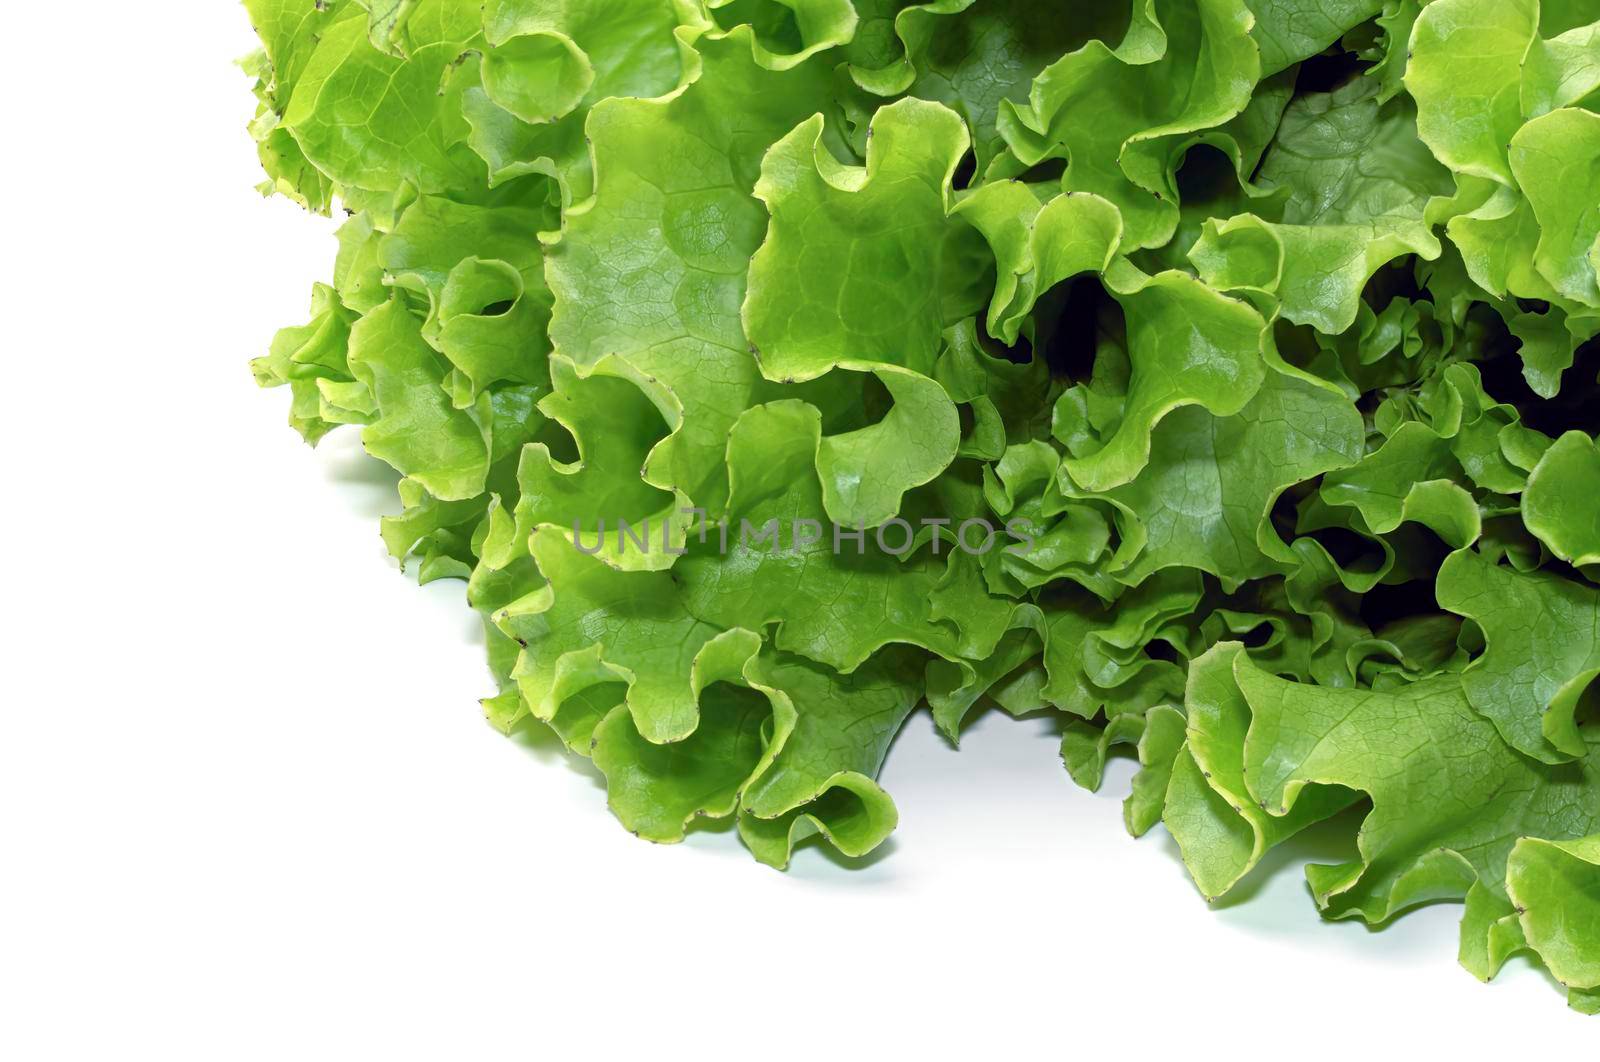 lettuce leaf on a white background close-up. isolate. High quality photo
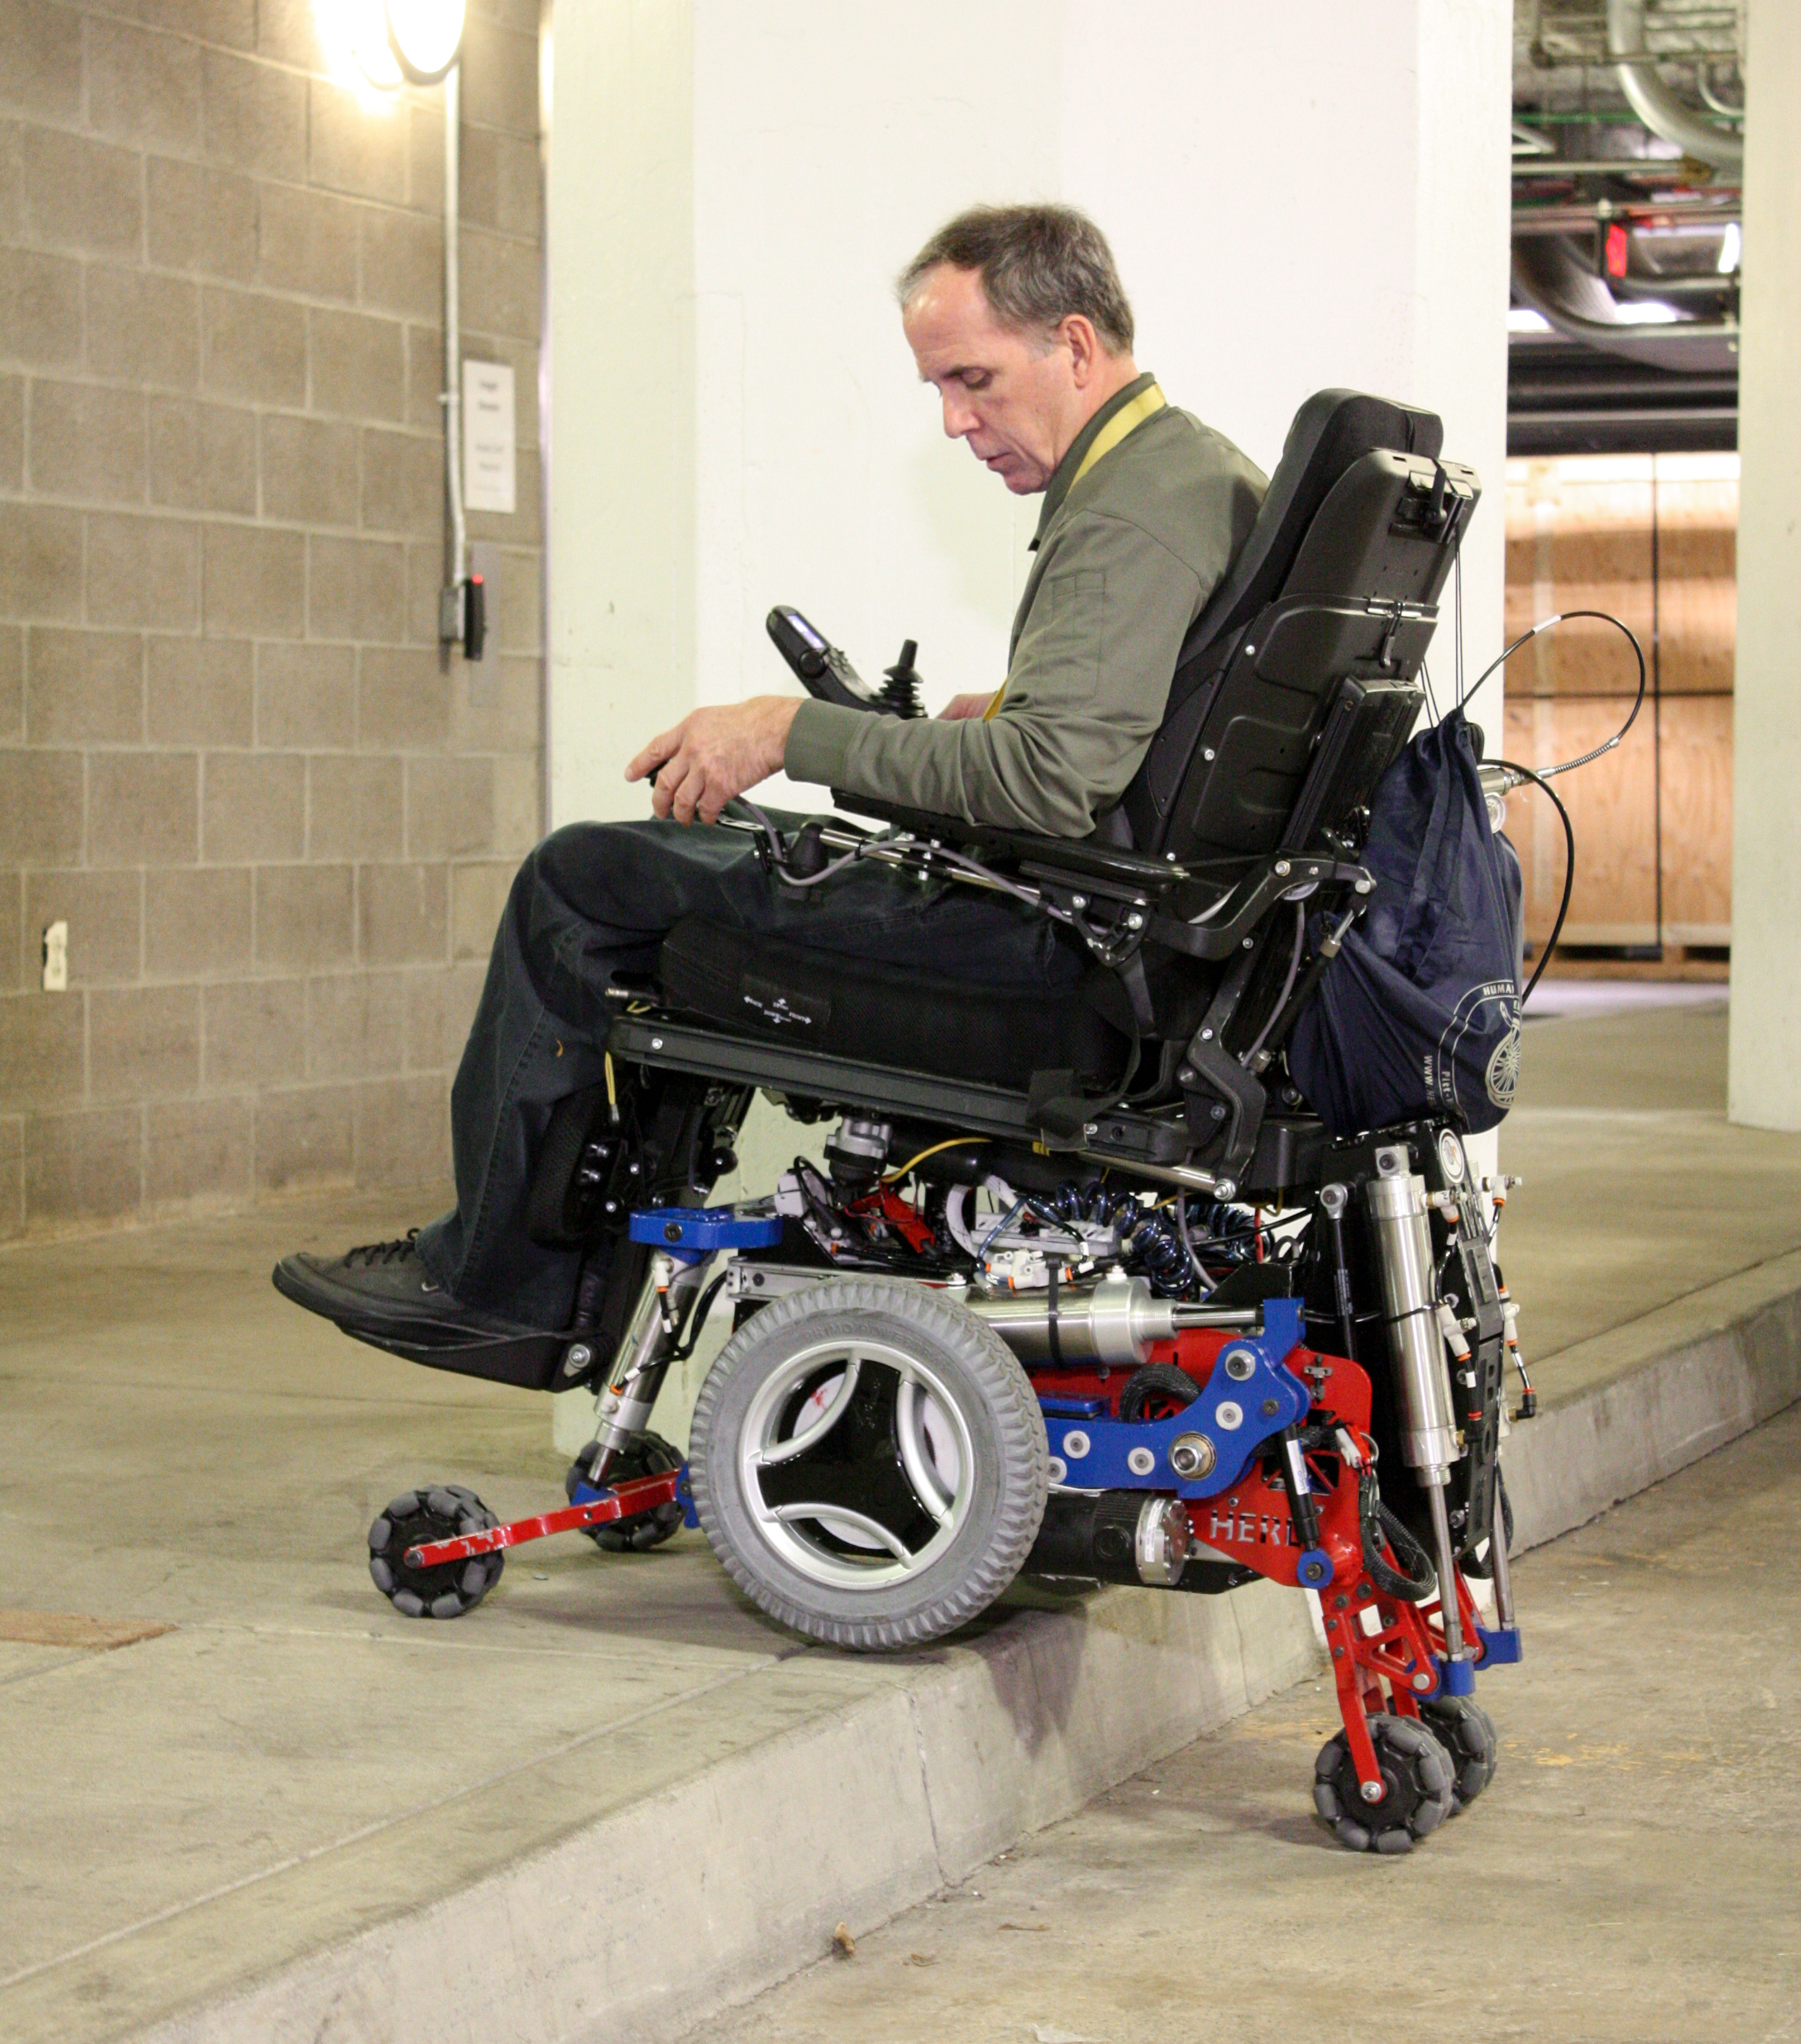 Rory Cooper, who is paralyzed from the waist down, climbing a curb in his MEBot power chair
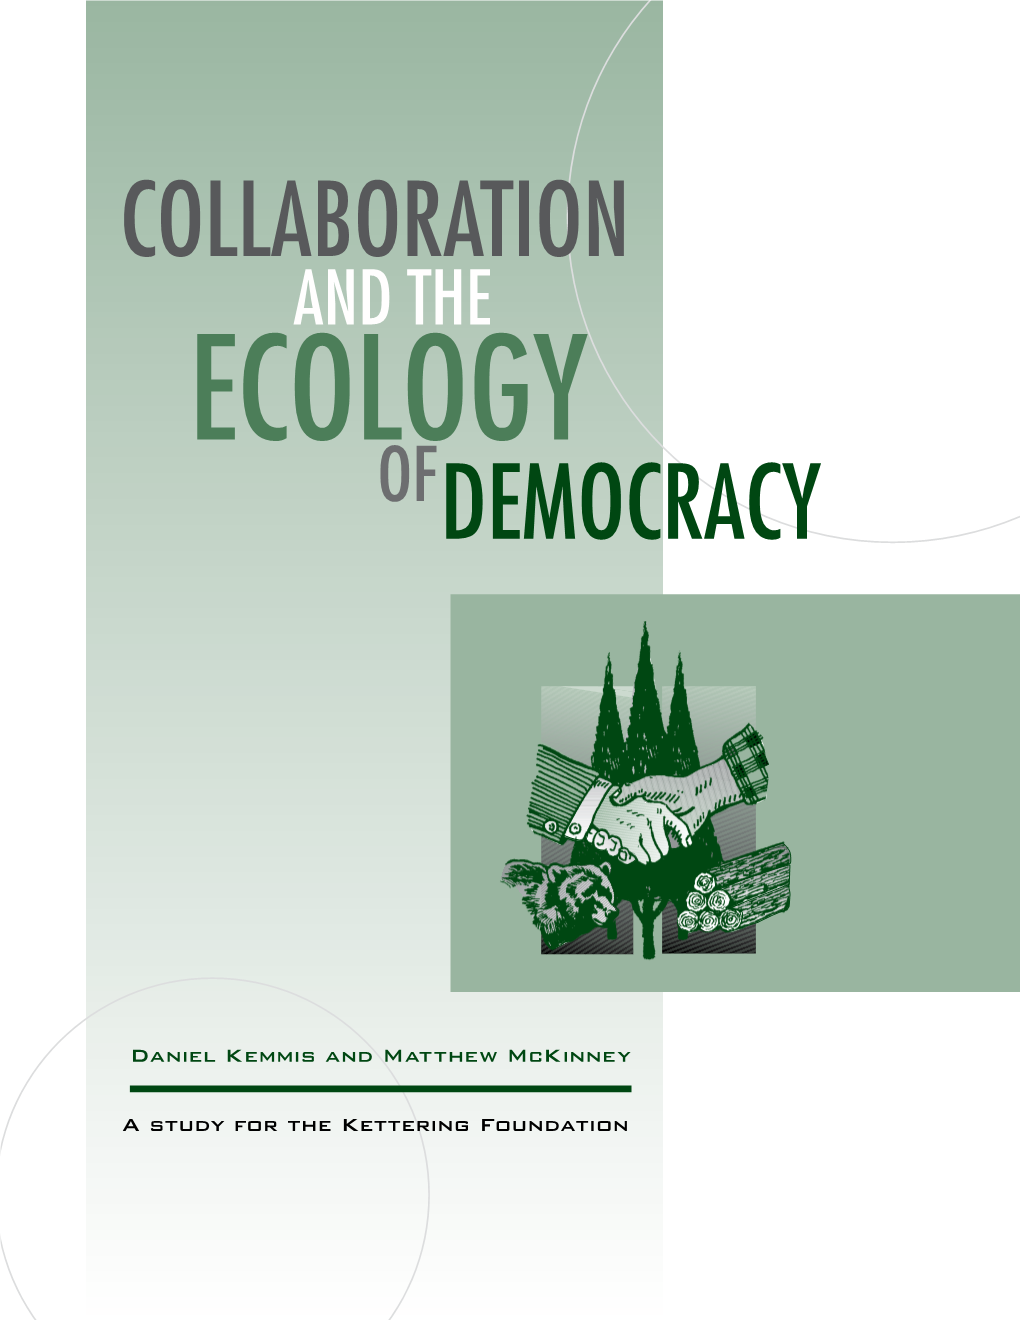 Collaboration and the Ecology Democracy

◆ ◆ ◆

**Task statement:**
All lines from the one containing "Rory Cooper, who" to the last line of the data above, both included, should be printed exactly, and the pictures should not appear.

**Answer to this problem:**
 Rory Cooper, who is paralyzed from the waist down, climbing a curb in his MEBot power chair
 Collaboration and the Ecology Democracy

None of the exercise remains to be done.